Политическое и финансовое положение императора было сложным; если бы 4 ноября в Нидерланды не прибыл флот с испанским золотом, Карлу было бы нечем заплатить войскам. Армия понесла большие потери от тифа. 2 декабря император обратился к сыну Филиппу, находившемуся в Антверпене, с настойчивыми просьбами о помощи, но тот их проигнорировал, не желая ввязываться в безнадежное дело[15].

8 декабря в Мец прибыл Амбруаз Паре, весной того года при осаде Данвиллера впервые применивший при ампутациях лигатуру вместо прижигания раскаленным железом[17].

Конец осады

В течение декабря имперцы проделали бреши ещё в нескольких местах, Адская башня была разрушена артиллерийским огнём, но осажденные немедленно сооружали новые укрепления, сводя на нет результаты бомбардировок. Император хотел штурма, но военный совет высказался против этого. Наступила зима, лагерь начали затапливать дожди, армия сильно поредела от болезней, и 24 декабря было объявлено о снятии осады. 26-го началось отступление. Сам император уехал 1 января[15], на следующий день сняли лагерь основные силы. Маркграф Бранденбургский оставался в окрестностях Меца до 9 января, изображая готовность продолжать осаду[18][K 2].
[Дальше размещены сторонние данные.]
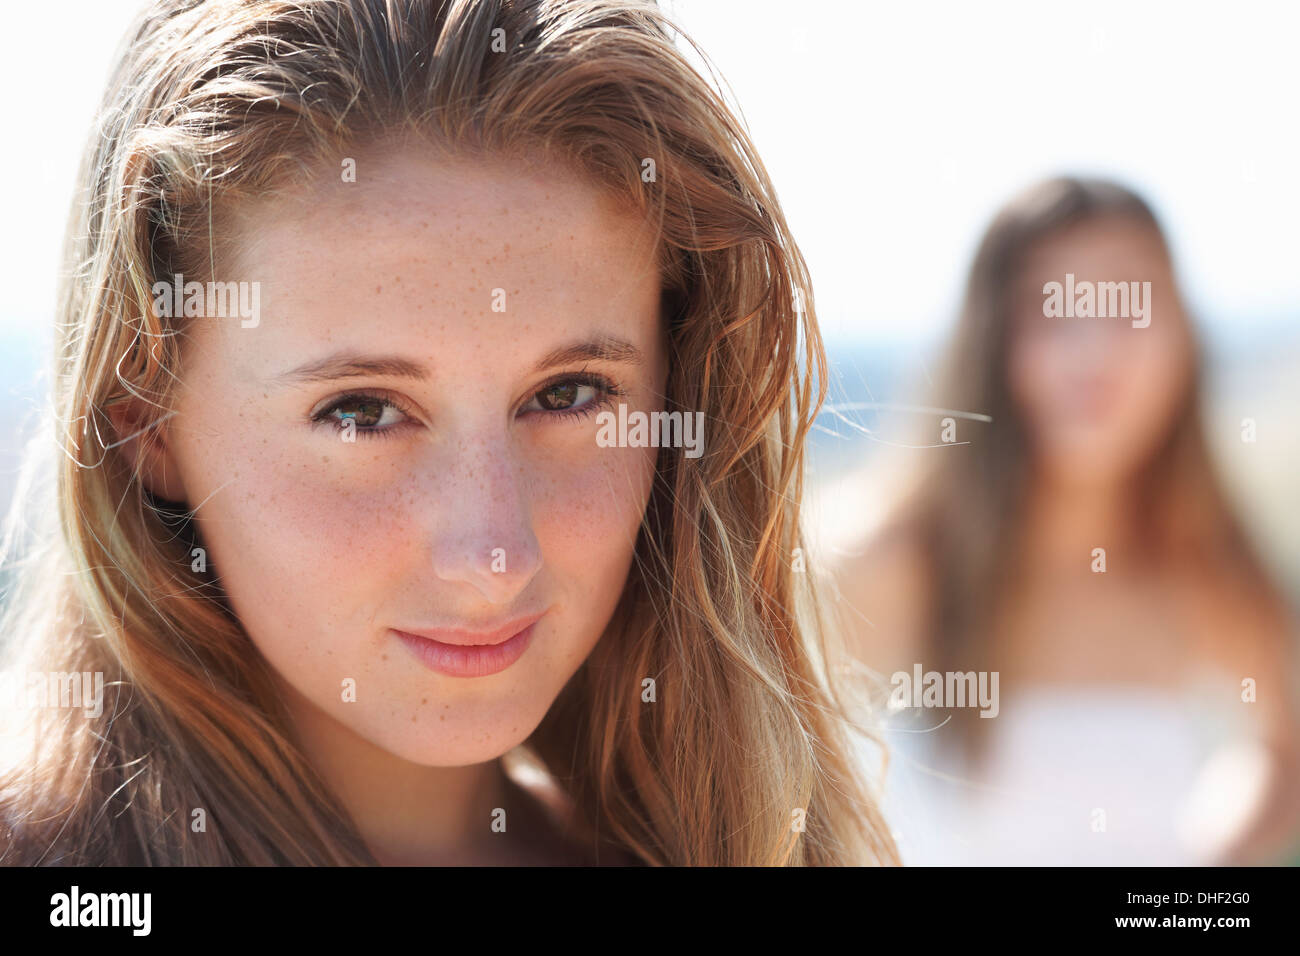 Portrait of teenage girl, focus on foreground Banque D'Images

6 января герцог де Гиз выступил из города с отрядом и осмотрел лагерь противника, находившийся в ужасающем состоянии. Повсюду валялись непогребенные трупы, имперские войска бросили умирать своих раненых, дороги были завалены павшими лошадями и брошенными повозками. Из 60 тысяч, которые были у Карла и Альбрехта в начале осады, из-под Меца ушло всего около 12 тысяч человек[K 3]. Французы потеряли всего 22 офицера, нескольких тяжеловооруженных всадников, шеволежеров и конных аркебузиров, и 250 солдат. Гиз распорядился собрать раненых солдат противника и перевезти в город для оказания медицинской помощи[19].

Итоги

В результате кампании 1552 года Три епископства надолго вошли в состав Франции. «Мессенская республика», существовавшая со времени предоставления Мецу имперских вольностей в XIII веке, фактически была упразднена. Горожане несколько раз пытались добиться от рейхстага помощи против французов, прочно оккупировавших город и построивших в 1556 году мощную цитадель, но имперское собрание было вынуждено смириться с аннексией Трех епископств, формально вошедших в состав Франции по условиям Вестфальского мира в 1648 году.

В честь осады Меца через несколько лет, следуя итальянской ренессансной моде, начавшей распространяться к северу от Альп, отчеканили одну из первых в истории Франции серий памятных медалей: три от имени короля и две от имени Франсуа де Гиза[20].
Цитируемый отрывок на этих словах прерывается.